FatTail incident

AdBook+ System Performance - Affecting adbook03.fattail.com

Notice Resolved View vendor source →

FatTail experienced a notice incident on November 15, 2023 affecting AdBook+ System Performance, lasting 15h. The incident has been resolved; the full update timeline is below.

Started
Nov 15, 2023, 12:53 AM UTC
Resolved
Nov 15, 2023, 03:53 PM UTC
Duration
15h
Detected by Pingoru
Nov 15, 2023, 12:53 AM UTC

Affected components

AdBook+ System Performance

Update timeline

  1. investigating Nov 15, 2023, 12:53 AM UTC

    We are aware of and investigating an issue affecting only clients who login via adbook03.fattail.com. Users may experience intermittent slow loading screens while logging in or navigating within the application. Thank you for your patience while we work to restore performance. FatTail Support.

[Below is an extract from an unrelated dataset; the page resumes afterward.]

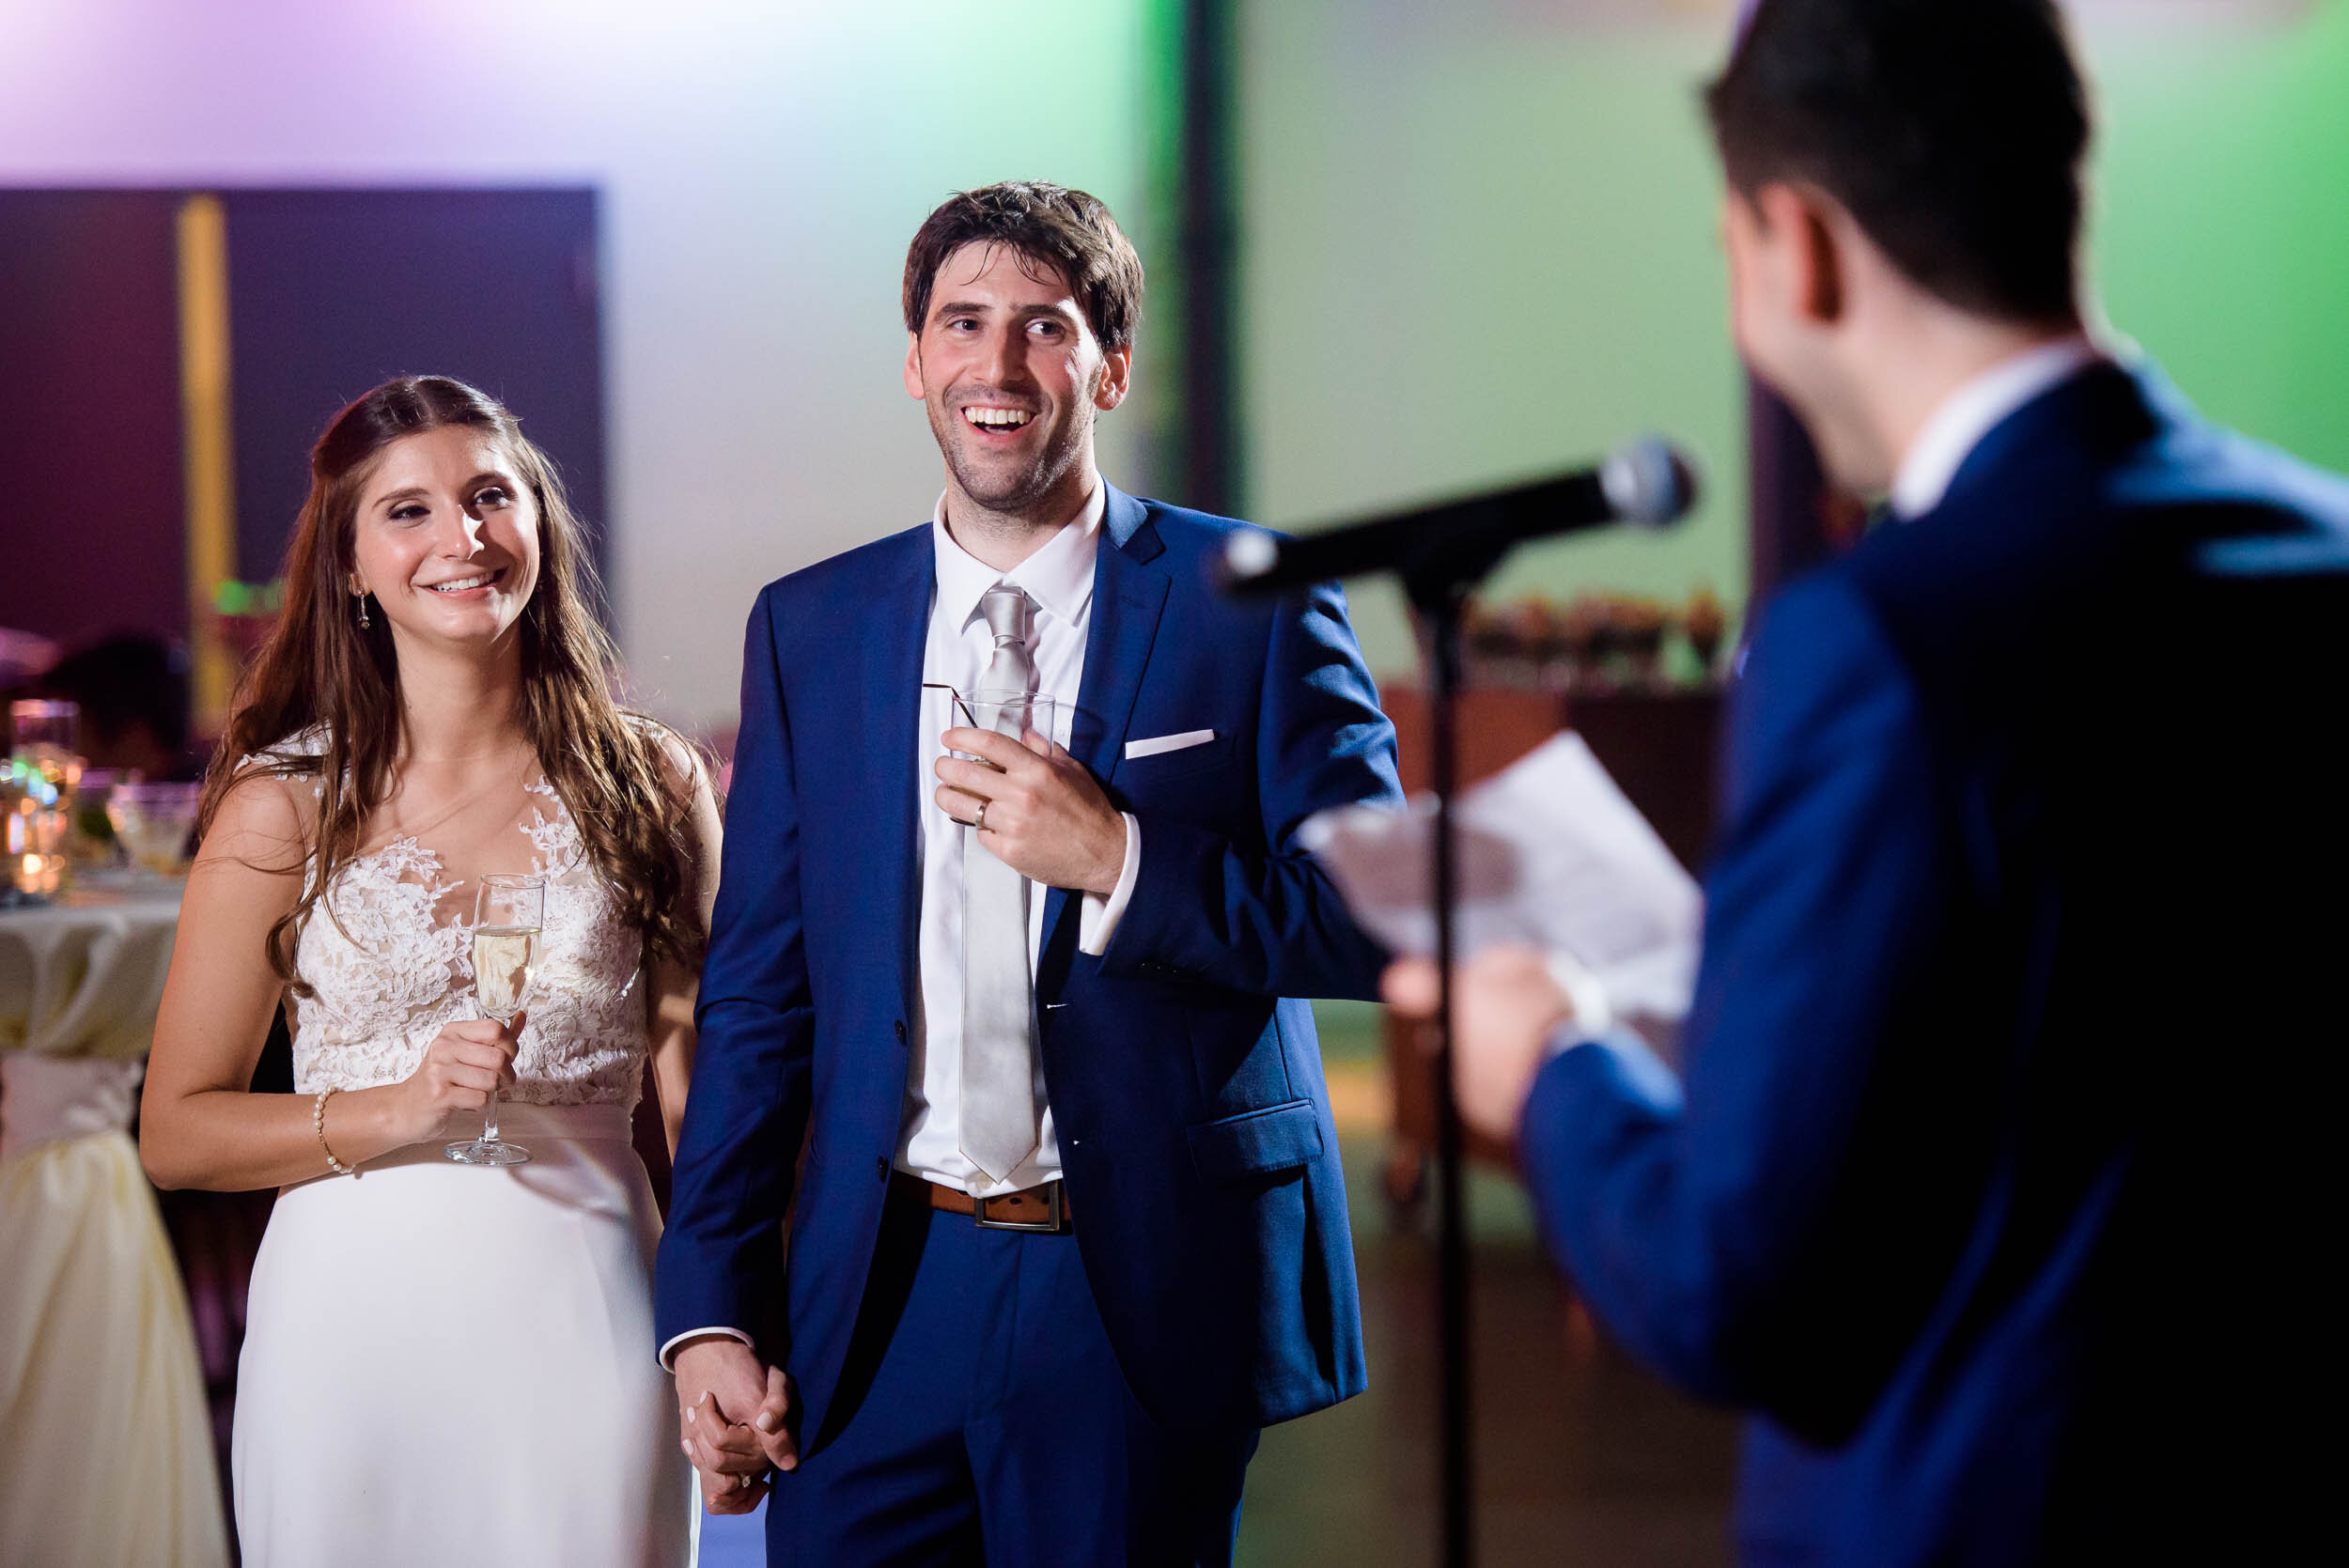 Couple laughs during the best man speech: Ravenswood Event Center Chicago wedding captured by J. Brown Photography.

  2. investigating Nov 15, 2023, 02:46 AM UTC

    Our engineering teams are continuing to monitor performance and investigate causes of intermittent latency affecting users of adbook03.fattail.com. Users should continue to work as normal in the system. Thank you for your patience as we work to restore full system performance.

  3. resolved Nov 15, 2023, 03:53 PM UTC

    At approximately 3am EST on Wednesday November 15th, following a brief service disruption, our engineers were able to identify and resolve the issue that was causing this incident. The site has been fully performant since the fix was applied. Thank you for your patience while we worked to investigate and resolve the performance issue. A postmortem will be published once our team has finalized their analysis. If you have any concerns or follow up questions please contact us via support.fattail.com. Regards, FatTail Support

  4. postmortem Nov 27, 2023, 09:27 PM UTC

    ### **Summary of Impact** At approximately 7:40 pm EST on Tuesday November 14th, FatTail monitoring detected a system exception on the Prod03 environment. The engineering team immediately began investigating. Some users experienced intermittent slow loading screens, or 502 errors, while logging in or navigating within the application. Service was fully restored at approximately 2:36 am EST on Wednesday November 15th. ### **Root Cause** The incident was caused by a circular reference created while loading campaigns with a certain line item sort criteria. This bad logic was applied to a small subset of campaigns which when loaded resulted in a reset of cache, creating latency for users in the Prod03 environment. ### **Mitigation** A temporary fix was applied to prevent the sort process that caused this incident. FatTail engineers are working on a permanent solution \(DEV- 44974\) to generally separate line item sequencing from the IO Loader which will prevent any future incidents of this nature. ### **Next Steps** DEV-44974 is being prioritized and is currently slated for release no later than January 2024.